Available Source File

The Source File Must Be Available

The source file needs to be available, not just the finished product. When you put a video on YouTube, the user can watch it, but they don't get a copy of it to keep. There are some tools that would allow them to create a video file from the YouTube video, but it wouldn't be great quality. If the video disappears or they want to edit it, they're out of luck. So the creator of the video needs to make a downloadable copy of the file available.

But the file that the user plays is not always the same as the file that the creator edits, especially when it comes to interactive resources. You must provide not only a downloadable copy of the finished product, but also a downloadable copy of the source file, so that it can be edited and remixed. 

Open Format

The Source File Must Be In An Editable Format

Not all applications are Open Source and not all the file formats they produce are Open Format. Some very popular software applications cost a lot of money and are not available worldwide. And in years or decades, if the application is no longer profitable, it may no longer be available, or updated to work with contemporary operating systems. If the owner of the software copyright has not made it Open, files edited and read by that application will no longer be usable.

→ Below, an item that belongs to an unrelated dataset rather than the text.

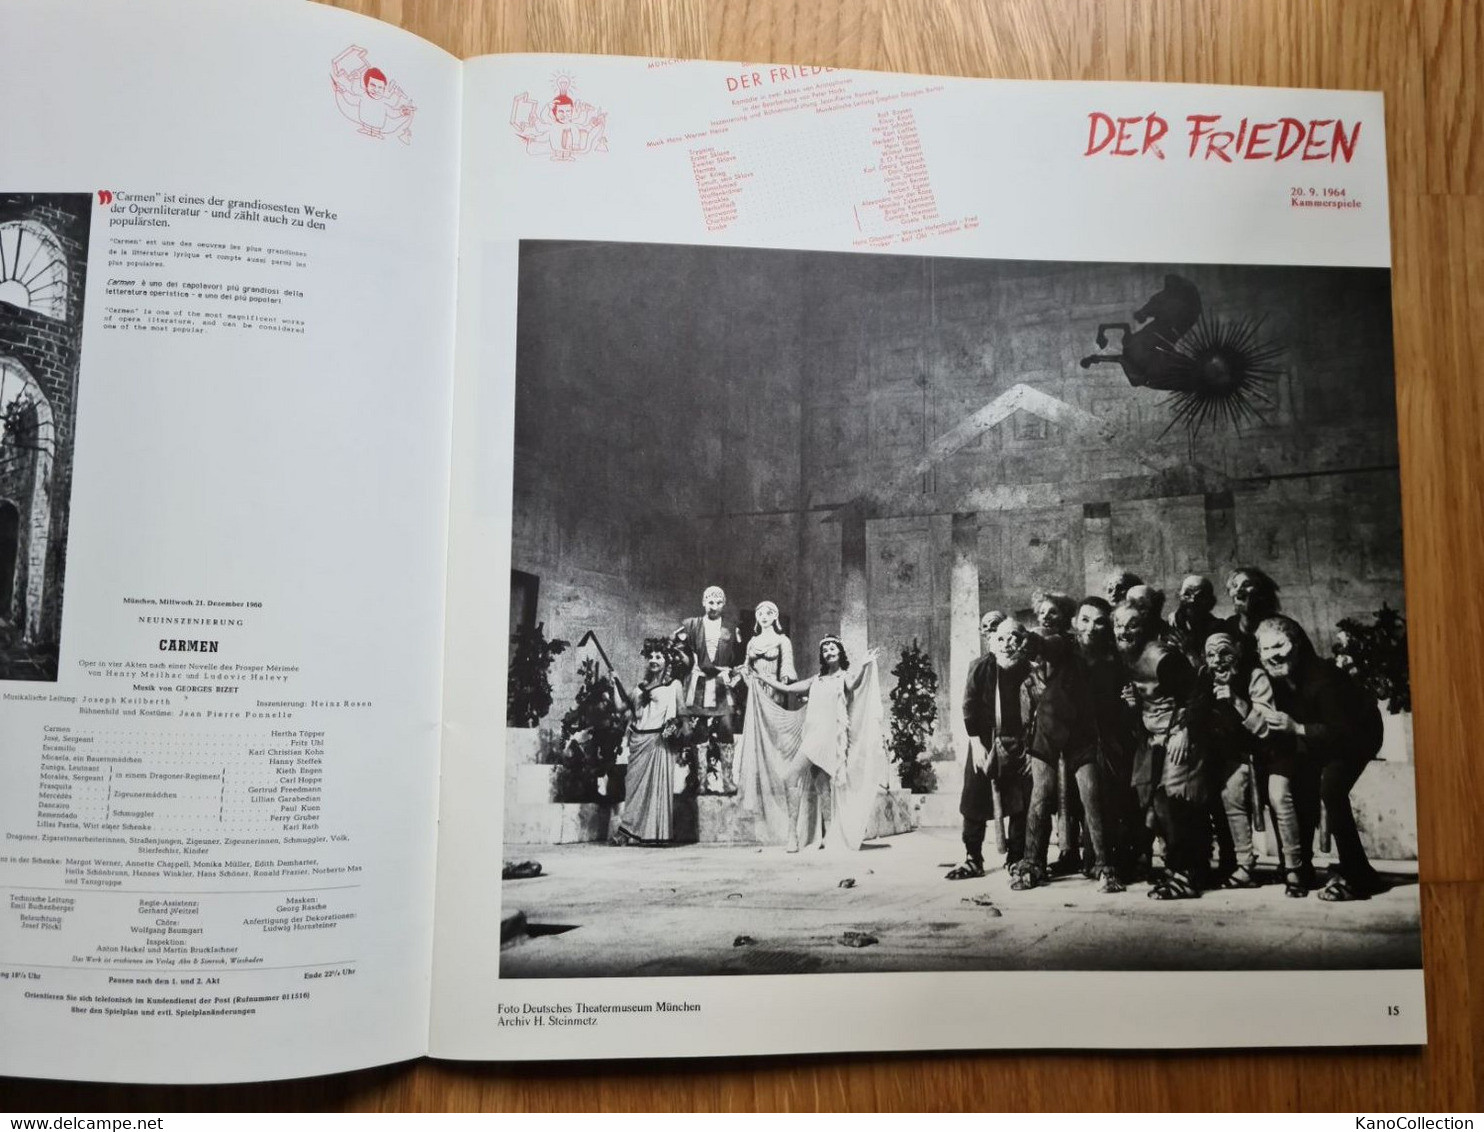 Oper: Ponelle In München 1952 Bis 1988 - Theater & Scripts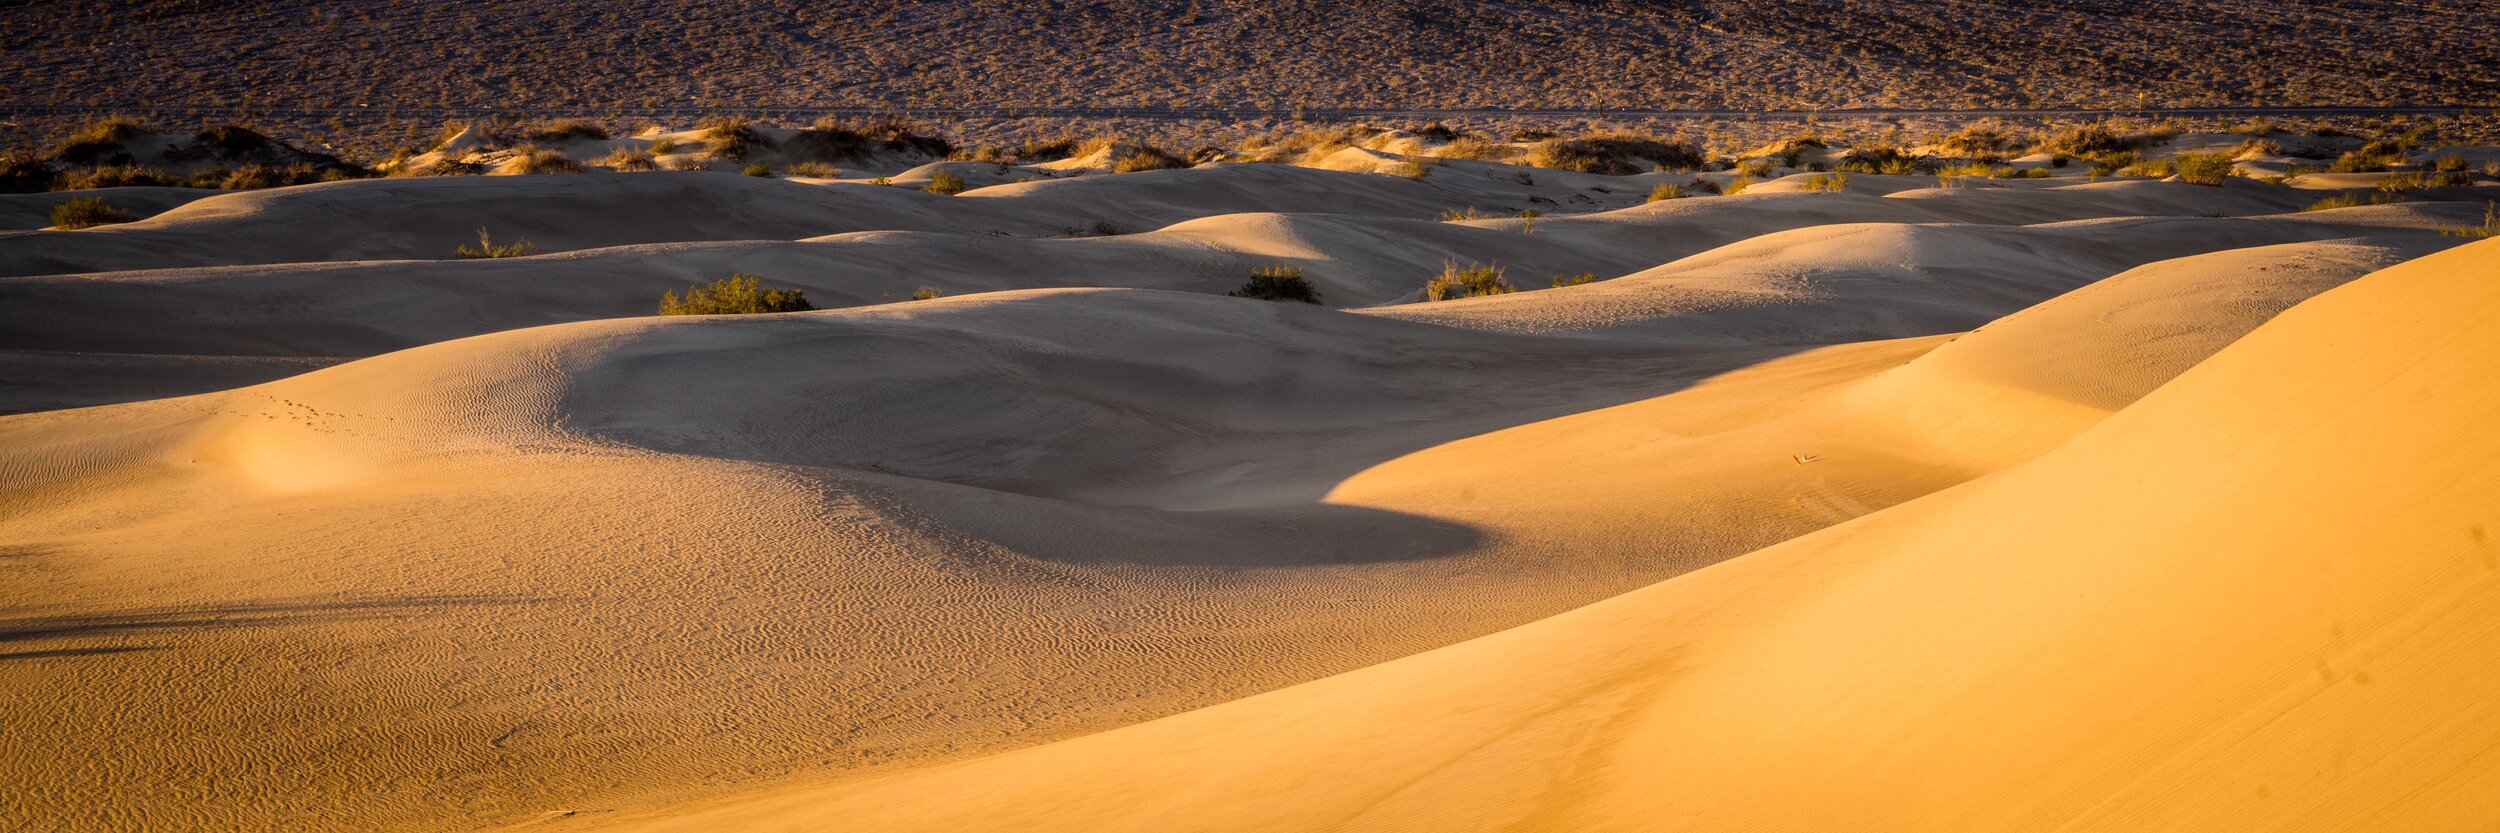 Death Valley 2019-9.jpg

If I want my Open Educational Resources to be truly Open, I need to create them with other software that is Open Source. That way, if worse comes to worse, somebody can find an old copy of the application's source code, make the necessary changes to it, and access my OER and bring it up to date for the technology and audiences of their time.

Open Source applications are not always as full-featured and beautiful as their for-profit counterparts (although sometimes they really are best in class!) but the advantage is that they are adaptable and stand the test of time.

We are not even talking on the scale of centuries. Technological obsolescence can happen in less than ten years, so this is important at a very practical and self-interested level.

Next, watch What Is Open Source, by ComputerFloss (4:32). 

Open Source software is often, but not always free. Proprietary software is sometimes free. 

Open Source software always produces open format files. Proprietary software sometimes does too. 

The difference isn't just the cost or the output file format, but what you are or aren't allowed to do with the source code to make the software available and adapt it to your needs. 

It is absolutely necessary to make your OER in an open file format. It is desirable to use Open Source software, but other factors can come into play, such as what your institution wants you to use, and how much time and effort you want to put into learning a new tool. 

Even if you use expensive, non-Open Source Microsoft Word to create an OER in PDF format, I can take that OER and edit it in LibreOffice (which s Open Source), because the .PDF format is a non-proprietary format.